→ **What this task involves**
Locate the line that contains "content writing service banner" in the data that follows. Copy it and every subsequent line to the end, exactly, excluding pictures.

→ **Data shown**
= = = = = = =
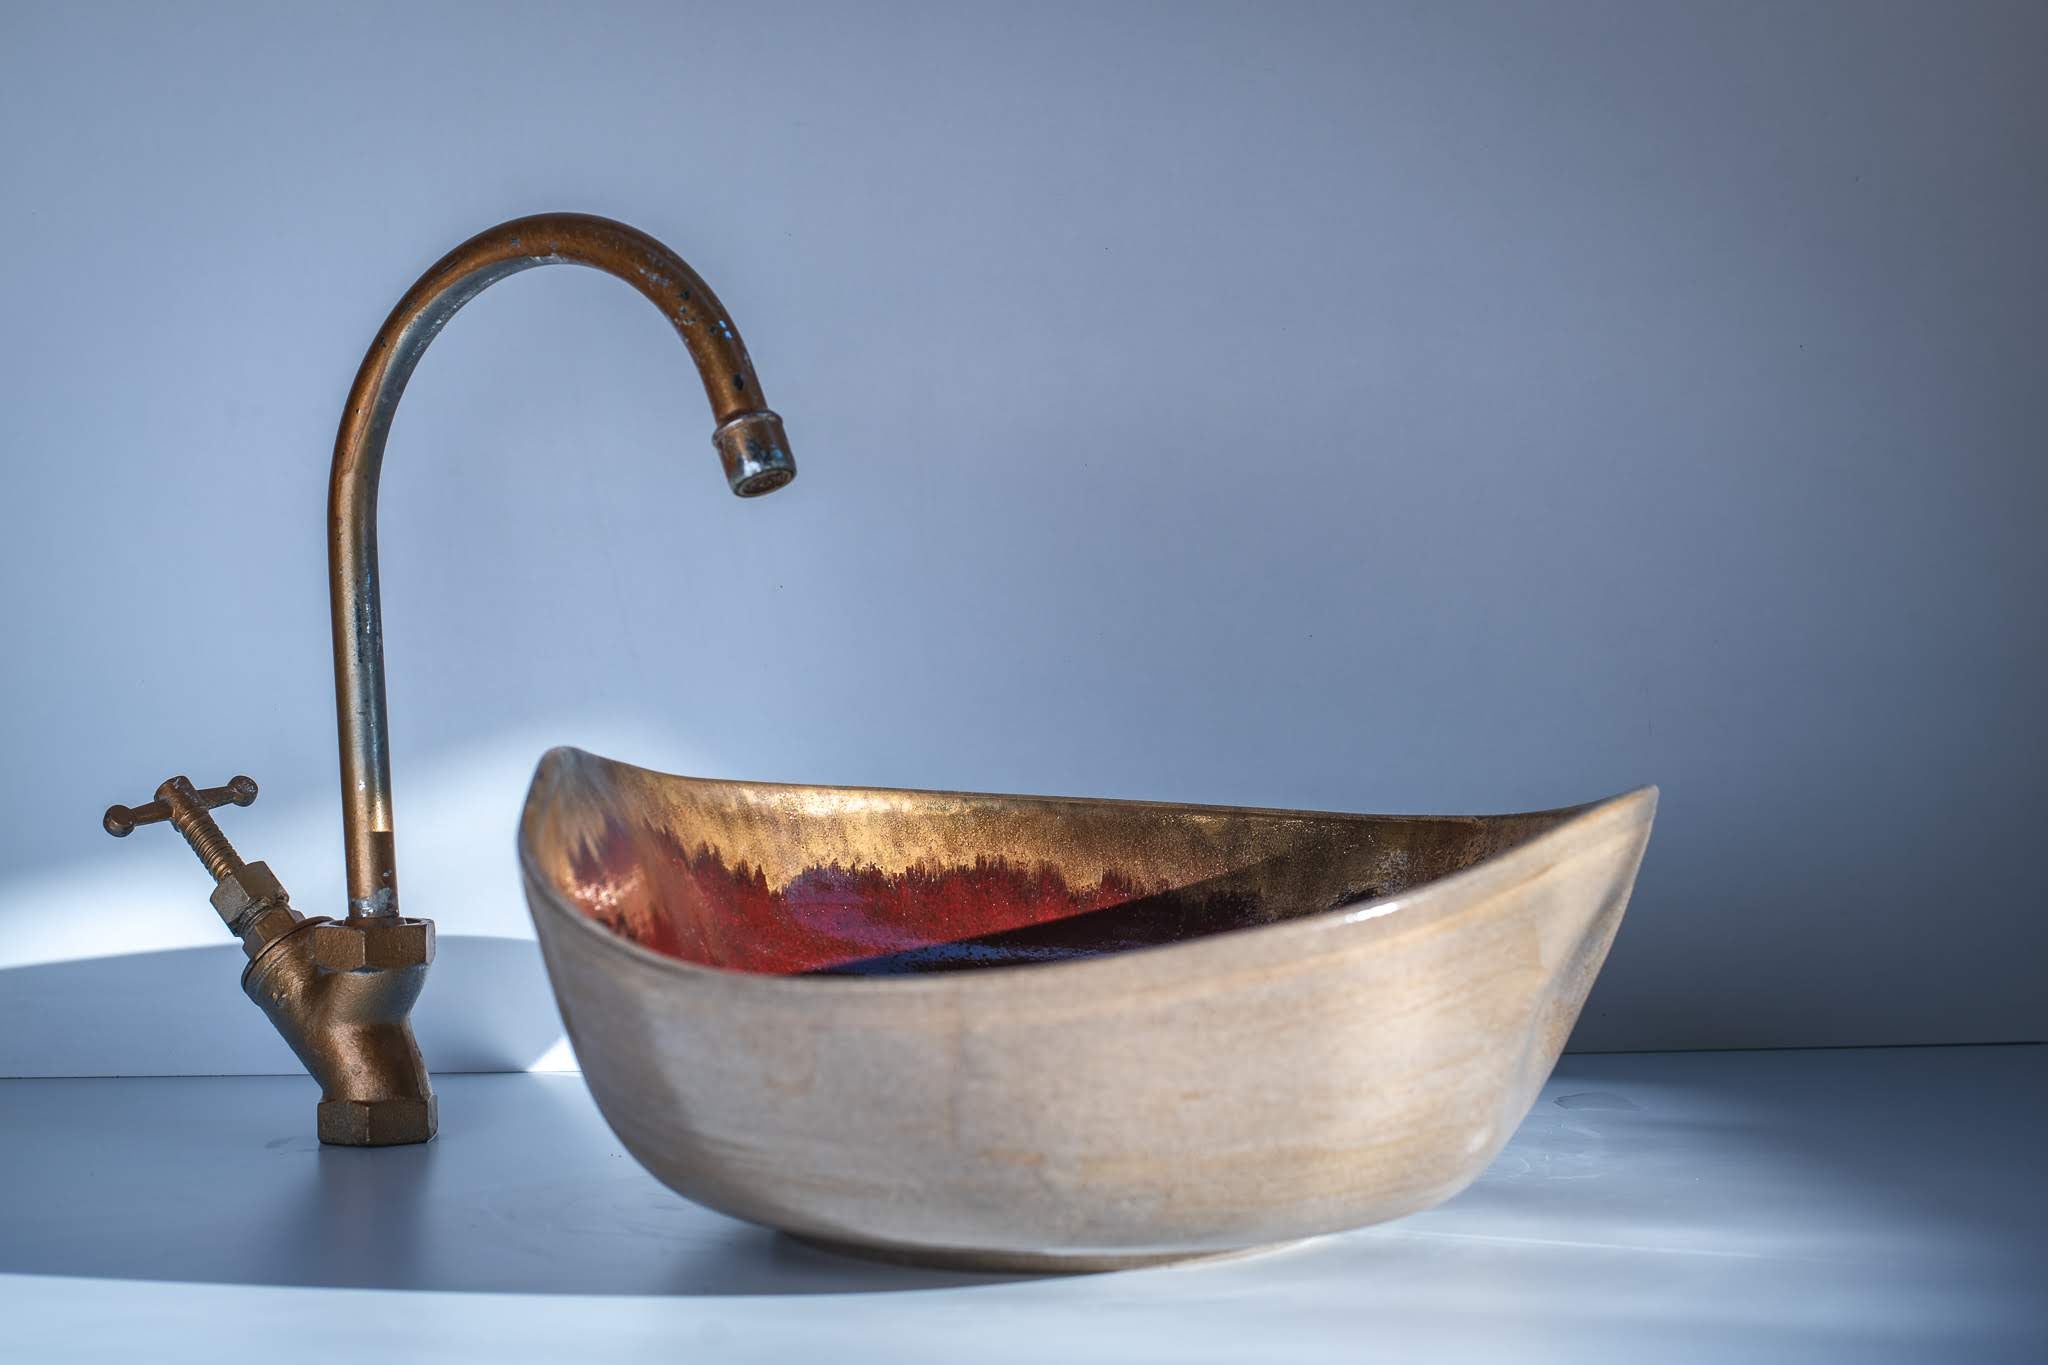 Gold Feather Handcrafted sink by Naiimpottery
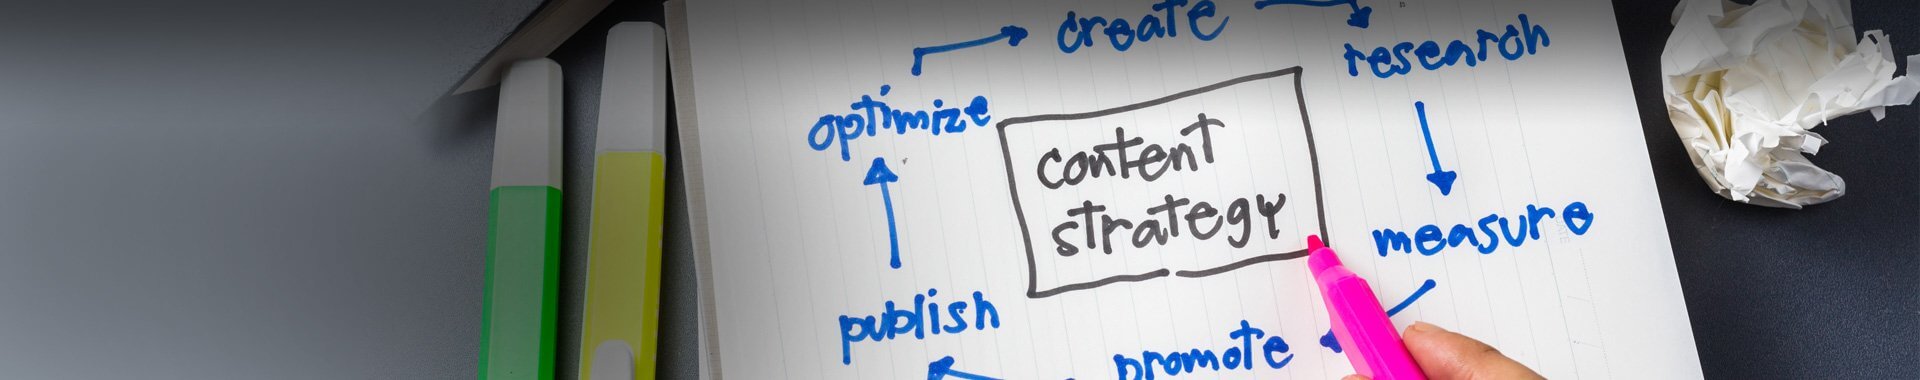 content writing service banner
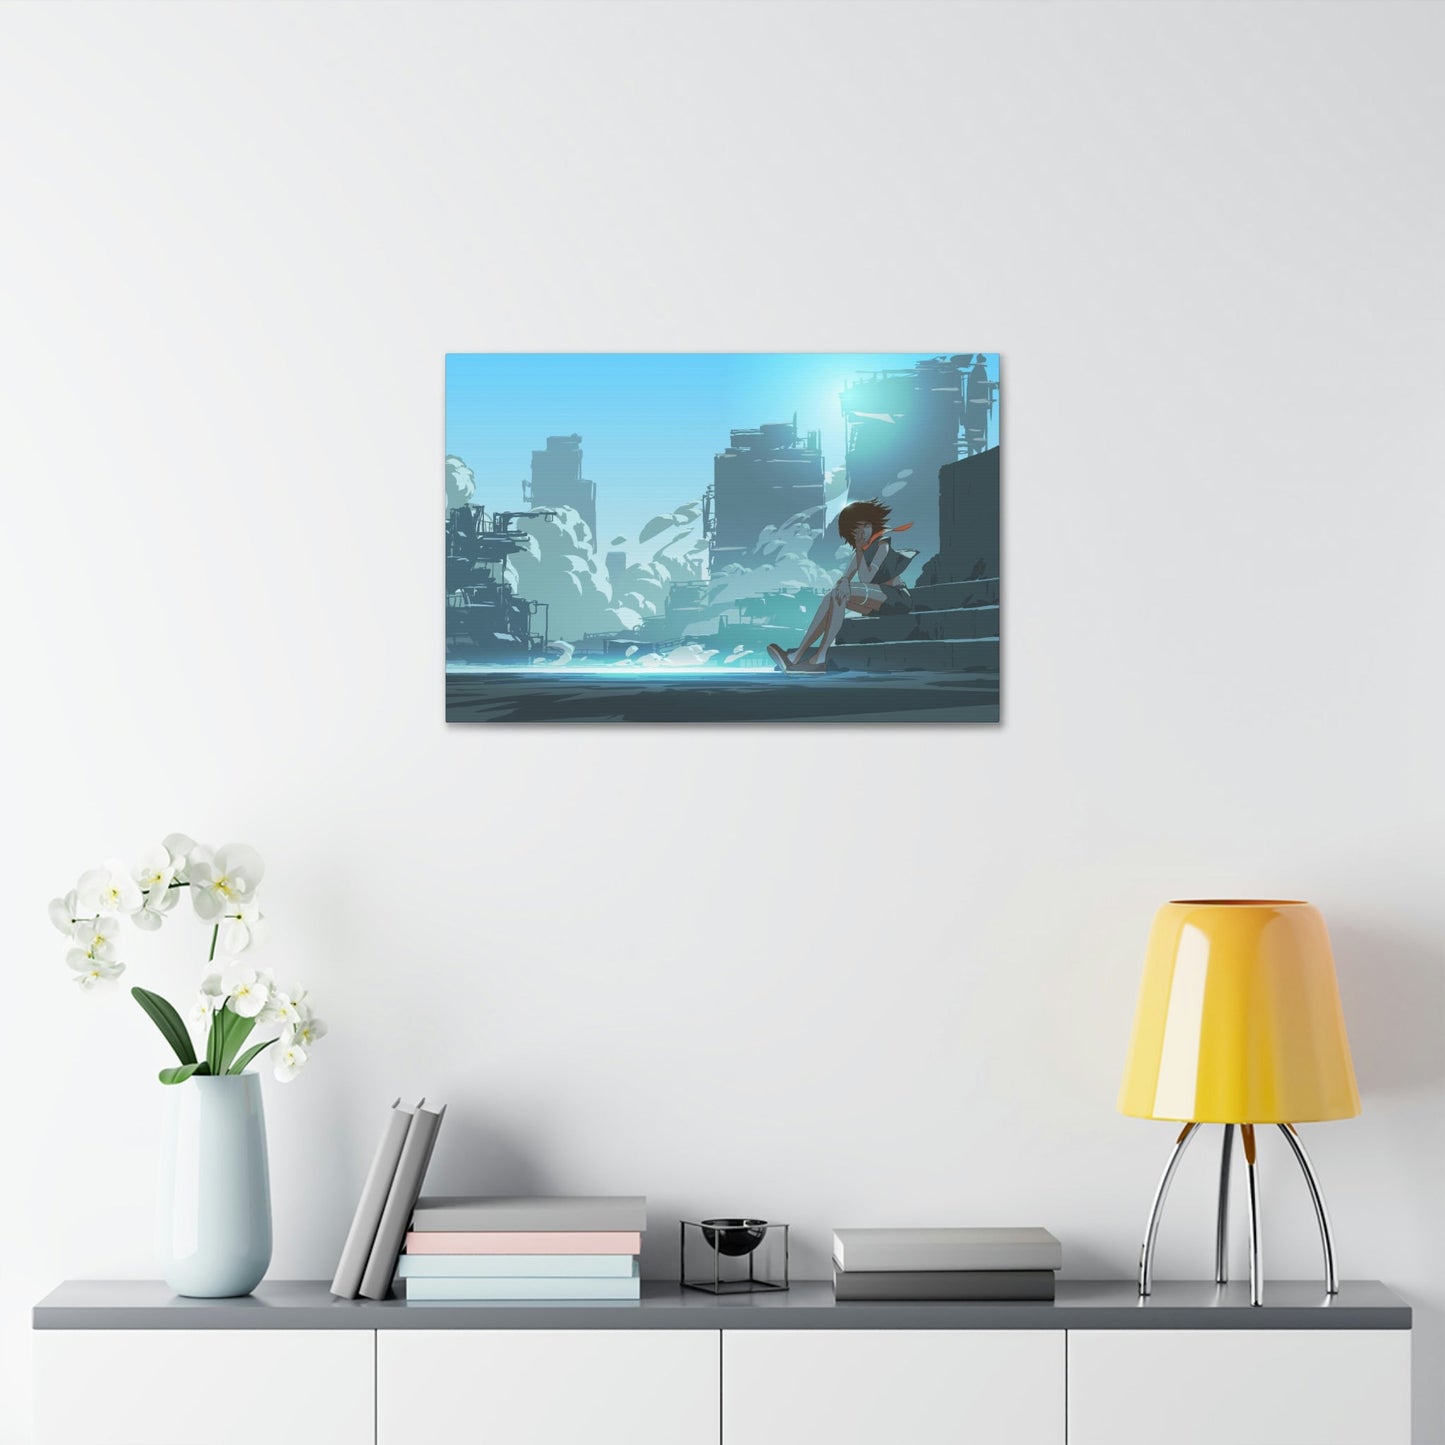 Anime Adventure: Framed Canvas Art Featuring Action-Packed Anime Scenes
= = = = = = =
→ **Result of the task**
 content writing service banner
 Anime Adventure: Framed Canvas Art Featuring Action-Packed Anime Scenes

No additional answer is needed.